----- Provided material

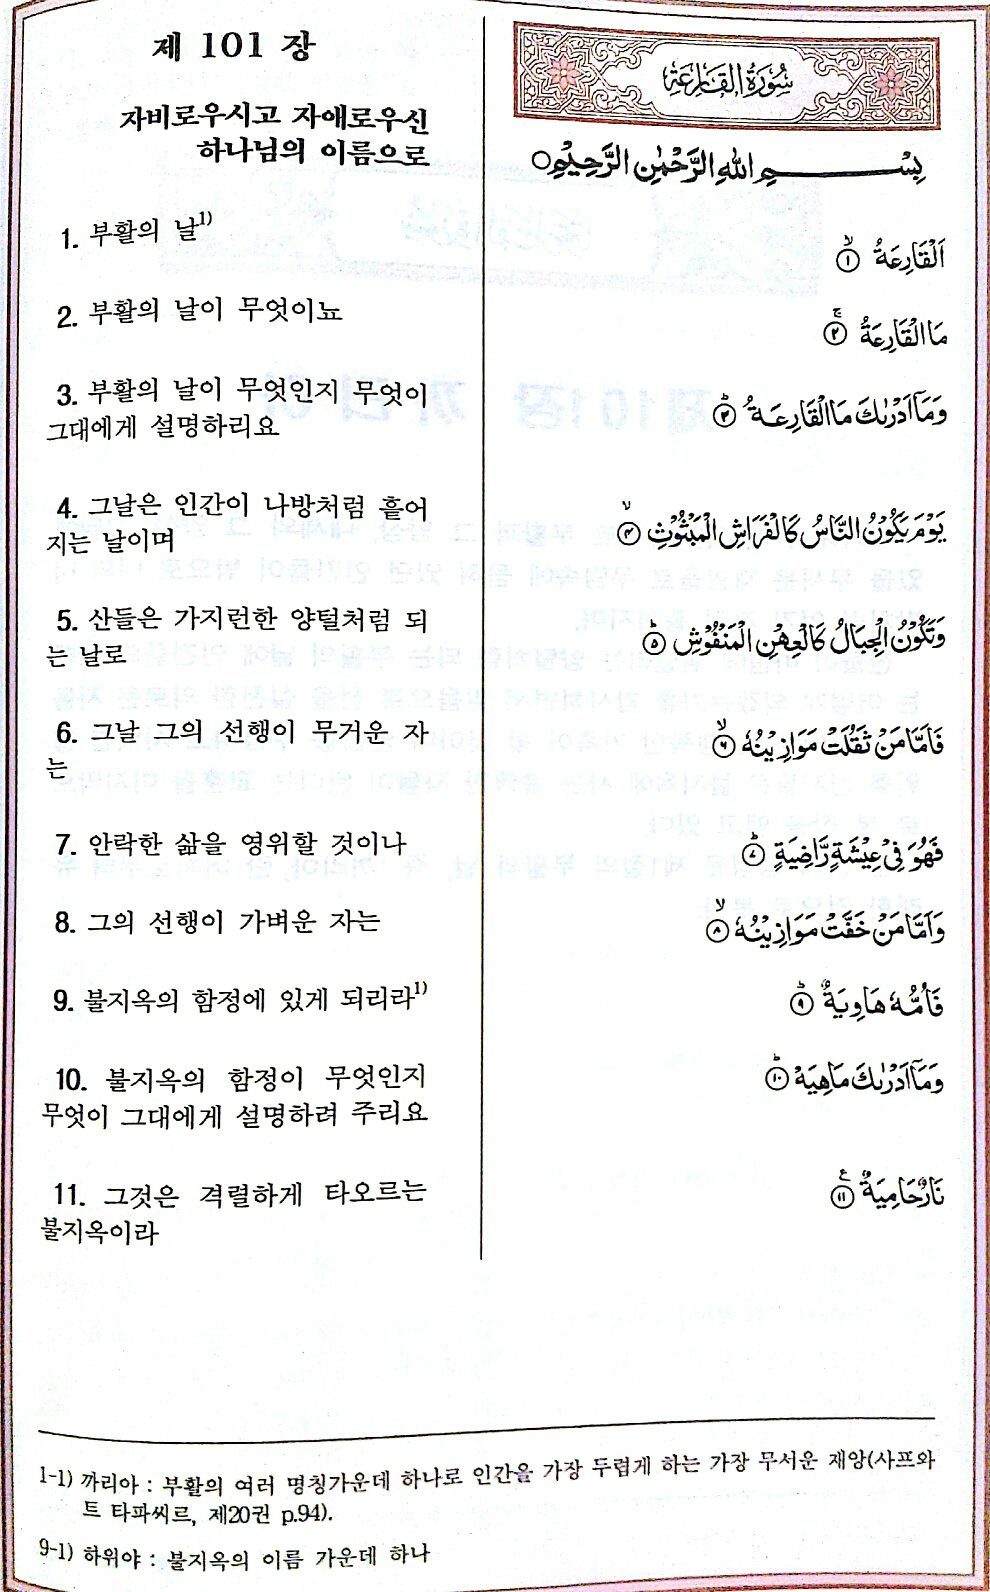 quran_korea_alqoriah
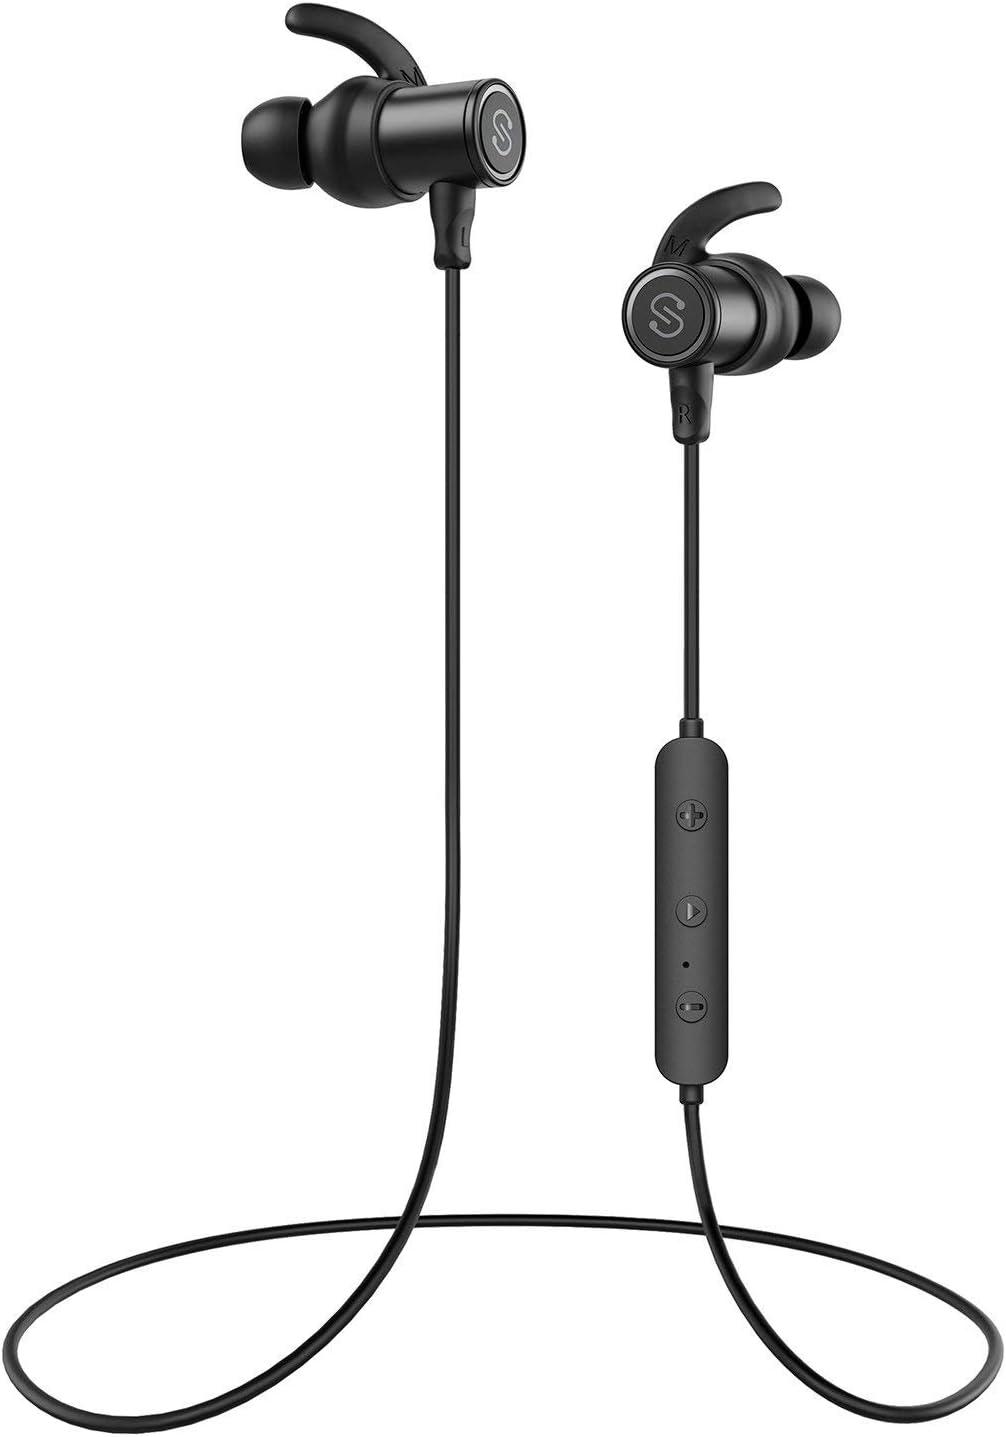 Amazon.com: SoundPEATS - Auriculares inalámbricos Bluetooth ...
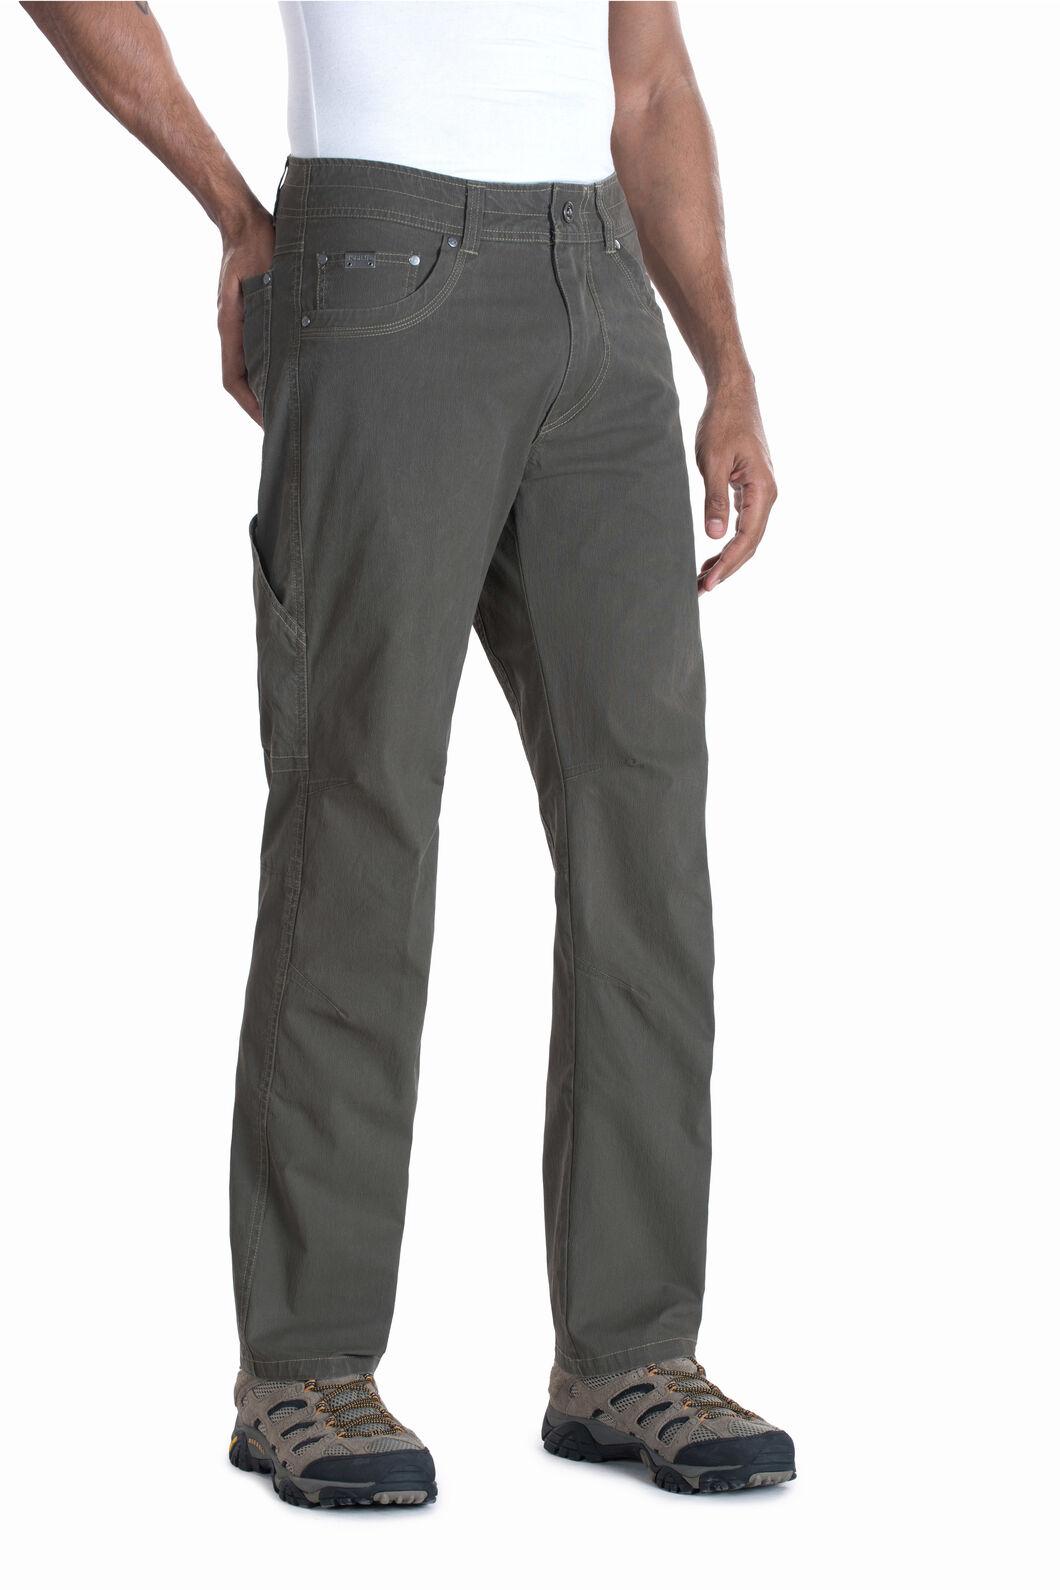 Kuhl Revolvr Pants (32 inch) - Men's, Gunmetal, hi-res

----------

* _Task description_: Give back the full listing exactly as written, only without its pictures.

* _Answer for this exercise_:
 quran_korea_alqoriah
 Amazon.com: SoundPEATS - Auriculares inalámbricos Bluetooth ...
 Kuhl Revolvr Pants (32 inch) - Men's, Gunmetal, hi-res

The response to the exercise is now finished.